The mix of survey pieces and highly specific essays makes it hard to figure out who this book would best serve. On the one hand, the lack of a totally coherent chronological or historical narrative, as well as the inclusion of only a few pieces of truly broad consideration, would probably prevent instructors from assigning the book as a core course text. On the other hand, the truly staggering selection of writings on offer would seem to prevent the specialist from fully utilizing the text, as only a small sliver of the pieces, as good as they are on the whole, would be of interest at a given time. Thus, the better essays in A History of Visual Culture could be readily adapted for courses on specific aspects of visual culture, as their length (relatively short) and general tone (specialist, but not condescending) would be appropriate to students at a variety of levels.
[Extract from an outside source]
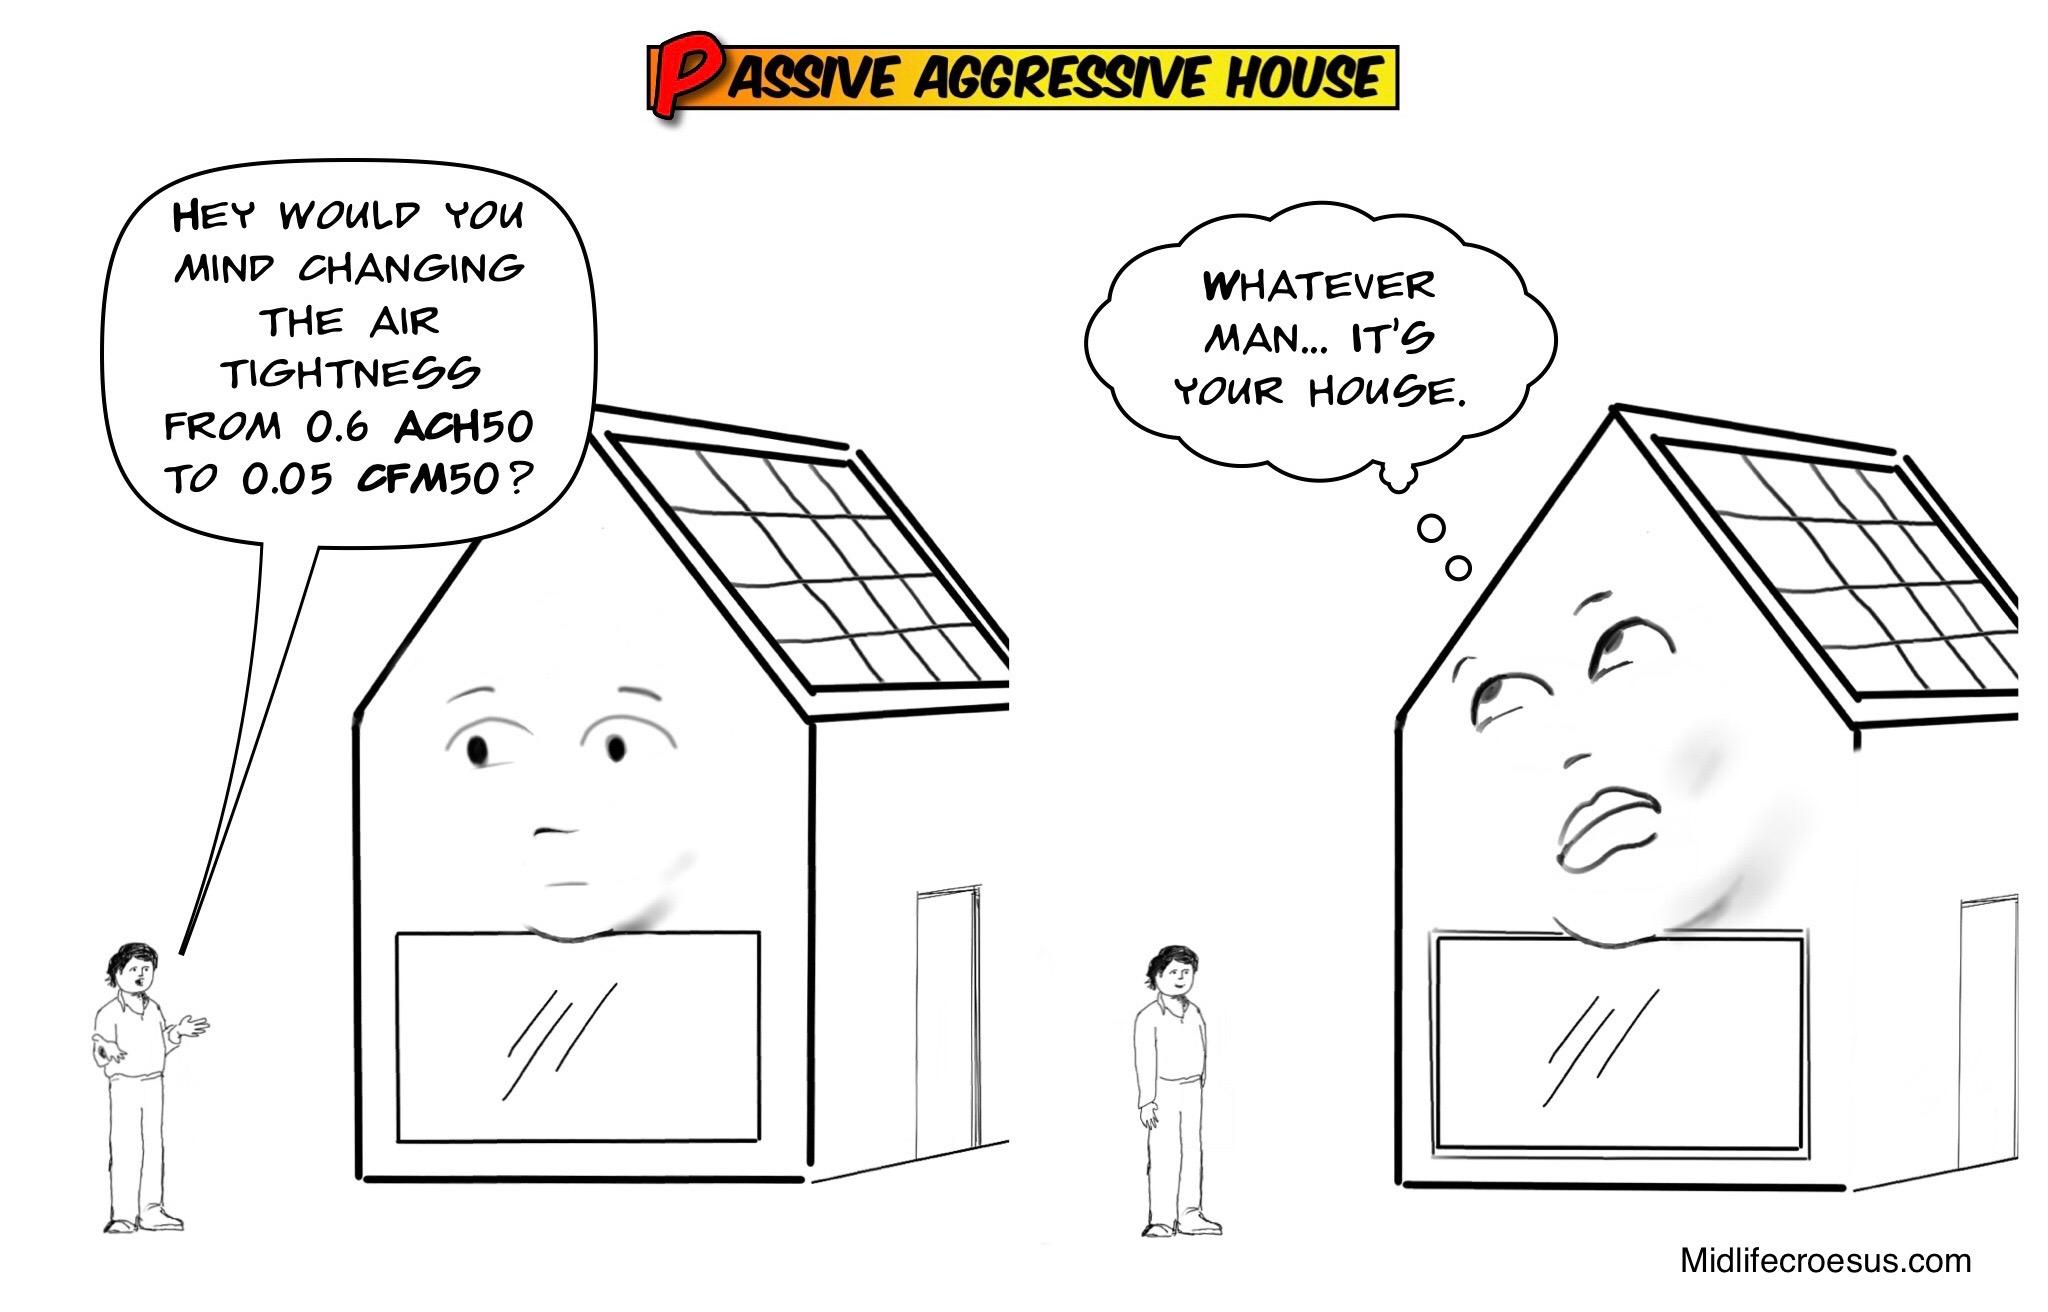 Passive Aggressive House

Brenda DeMartini-Squires's “Now You See It: Disinformation and Disorientation on the Internet” inadvertently provides strong justification for the wide-ranging approach of Kromm and Bakewell's text. DeMartini-Squires recalls her extensive graduate training in the effective uses of the academic library, where knowledge was organized around certain parameters which privileged face-to-face interaction (reading rooms and circulation desks with reserve material; the expertise of field-specific research librarians) and the physical retrieval of information (card catalogs, trips to the far-flung corners of the book stacks), such that effective use meant an informed navigation of the institutional knowledge of the time (337-338). Contrast this with a trip to a large research library in 2007, where the forms of access (electronic) and sites of mastery (online databases, search engines) have changed. Like historical modes of visual literacy, the organization of information demands familiarity with past forms, yet is aided by bold reorganizations which combine contemporary social/cultural concerns with the brave new technologies of the day.